Drug discovery remains one of the most formidable challenges in the preclinical pipeline, particularly the identification of novel therapeutic targets. Breakthrough technologies such as Perturb-seq and spatial transcriptomics are reshaping this landscape, enabling unprecedented insights into cellular function and tissue organization. Yet, the integration and utilization of datasets generated by these approaches remain complex and fragmented due to inconsistent formats, metadata, and lack of standards.

Rancho Biosciences brings both expertise and proven experience in curating, harmonizing, and analyzing these cutting-edge datasets to accelerate discovery.

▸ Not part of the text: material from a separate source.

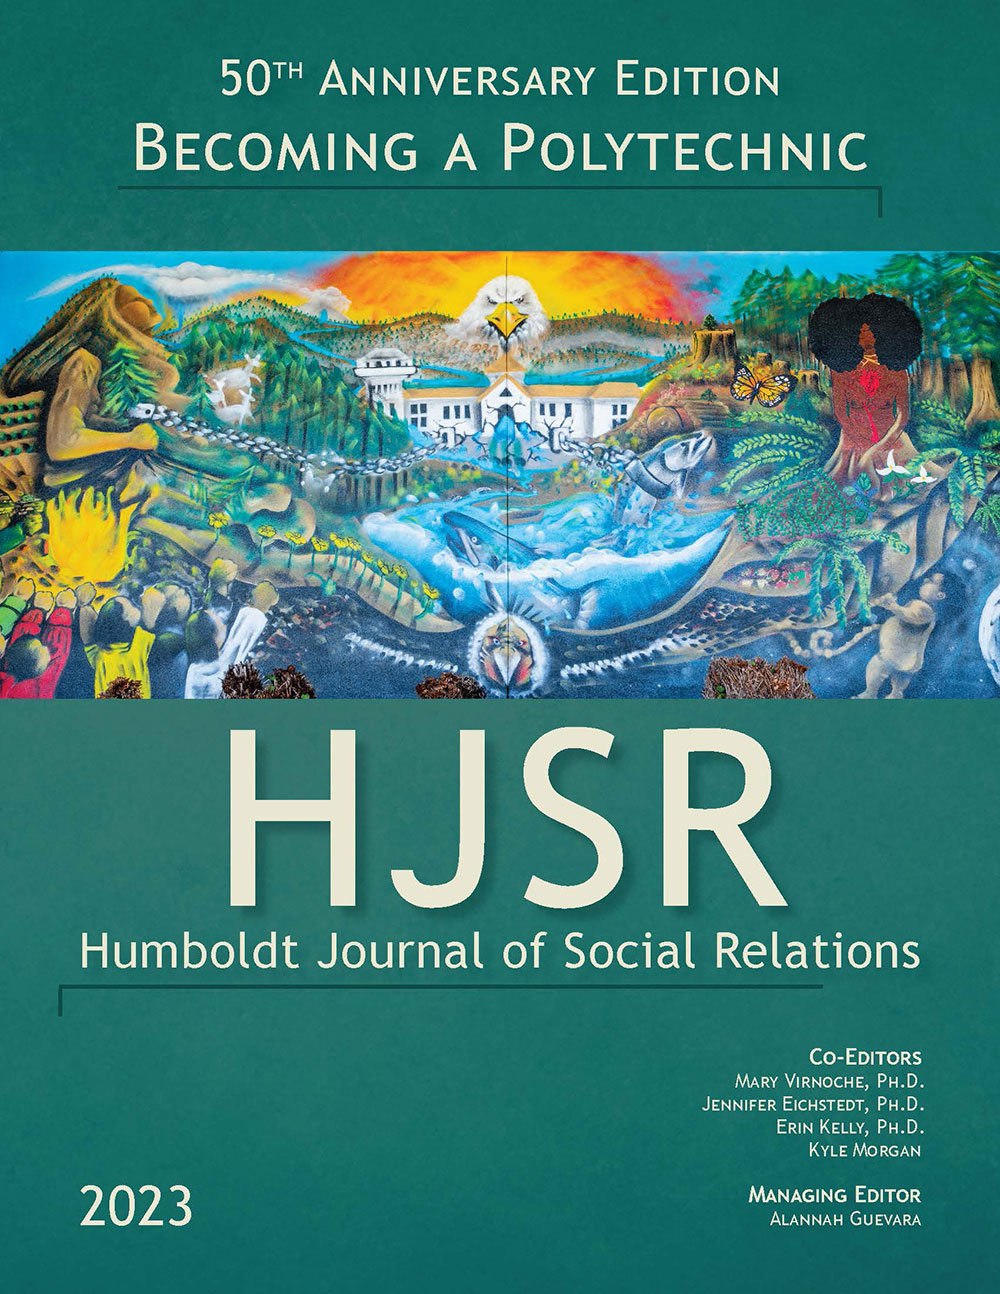 The cover of the Humboldt Journal of Social Relations 50th Anniversary Edition

• Perturb-seq combines single-cell RNA sequencing with CRISPR-based perturbations to enable large-scale functional screening. Since its introduction in 2016 by the Regev lab at the Broad Institute, the method has expanded to include CRISPRi, CRISPRa, and chemical perturbation formats. Rancho standardizes metadata across studies, aligns gene nomenclature, and harmonizes perturbation annotations to support cross-study comparison. Perturbation-based data can be extremely useful for foundation model training.
• Spatial transcriptomics preserves tissue architecture while mapping RNA expression, revealing not only which genes are active but where they are expressed, often down to the single-cell level. This spatial dimension provides critical context for understanding disease mechanisms and therapeutic opportunities. Rancho’s Spatial Innovation Initiative has established robust pipelines to process, harmonize, and analyze spatial datasets, making them readily deployable in drug discovery programs.

By harmonizing Perturb-seq and spatial transcriptomic data, Rancho BioSciences removes barriers to analysis, produces AI and ML-ready datasets, and accelerates the path to actionable insights in drug discovery.